Civil Engineering

 

Date of this Version

Fall 12-6-2010

Comments

A DISSERTATION Presented to the Faculty of The Graduate College at the University of Nebraska In Partial Fulfillment of Requirements For the Degree of Doctor of Philosophy, Major: Engineering (Civil Engineering), Under the Supervision of Professor Christopher Y. Tuan. Lincoln, Nebraska: December, 2010
Copyright 2010 Jichong An

Abstract

Understanding the behavior of soil under blast loading is very important to engineers in mining, tunneling, and military construction. Due to the very complex structure of a soil mass it is very difficult to describe its constitutive relation, especially when it has different water contents and it is under blast loading conditions. New protective system designs subjected to blast loading need to be proved its validation prior to predict effect of explosive before implementation. Full-scale, buried explosive tests are costly. Finite element simulations play a significant role in the design of protective systems, for example a bottom platform of lightweight vehicles, against underground explosion.

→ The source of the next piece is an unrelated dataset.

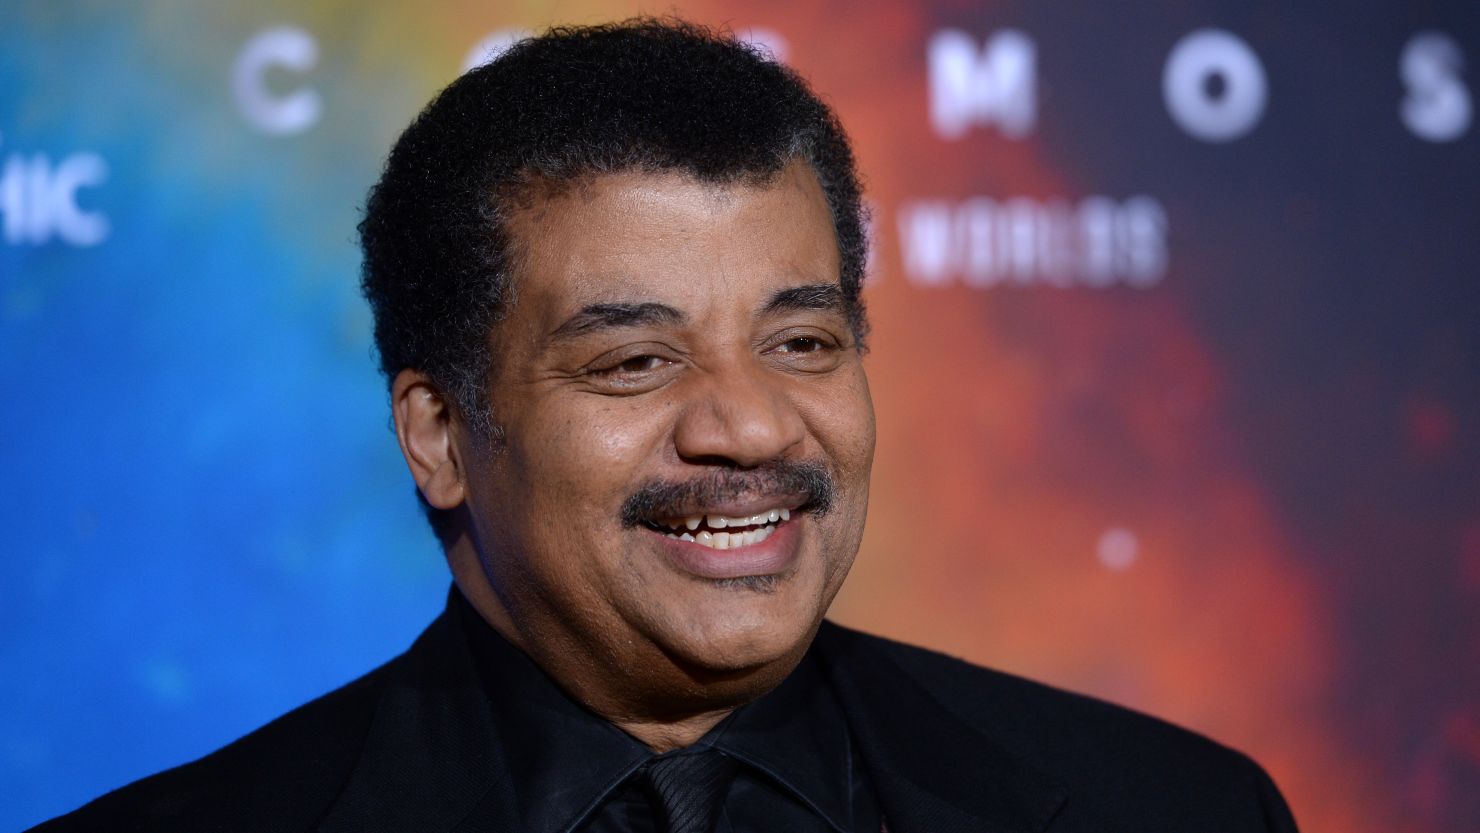 Astrophysicist Neil deGrasse Tyson is asking more questions about the universe in his new book, "Cosmic Queries."

The Perzyna viscoplastic cap model has been shown to be a valid model for use in the simulations of dry soil behavior under both static and dynamic loading. This model is a dramatic improvement over the inviscid cap model for soil behavior under high strain rate loading, such as from an explosion. However, soil should be modeled as a three-phase porous media to accommodate various degrees of water saturation. This is especially true for the soil mass surrounding the source of energy release, as each of the three phases responds differently to shock loading. To improve the model accuracy, a revised model comprising a Gruneisen equation of state (EOS) for each of the three phases has been developed. These equations of state for solid, water and air have been integrated with a viscoplastic cap model to simulate behaviors of soil with different degrees of water saturation.

These EOS models as well as the viscoplastic cap model are implemented into LS-DYNA as user-supplied subroutines for numerical simulation of six explosive tests in dry soil as well as in saturated soil. The shock front time of arrival, the air pressure directly above the buried explosive, and the ejecta heights predicted by the revised cap model agree fairly well with the experimental data. Four elements from finite element mash are selected to observe three phases volume fractions change. There is noticeable improvement in the prediction of saturated soil behavior than dry soil behavior under blast loading. It is concluded that the revised model is adequate for blast loading behavior simulations for soil with different degrees of water saturation.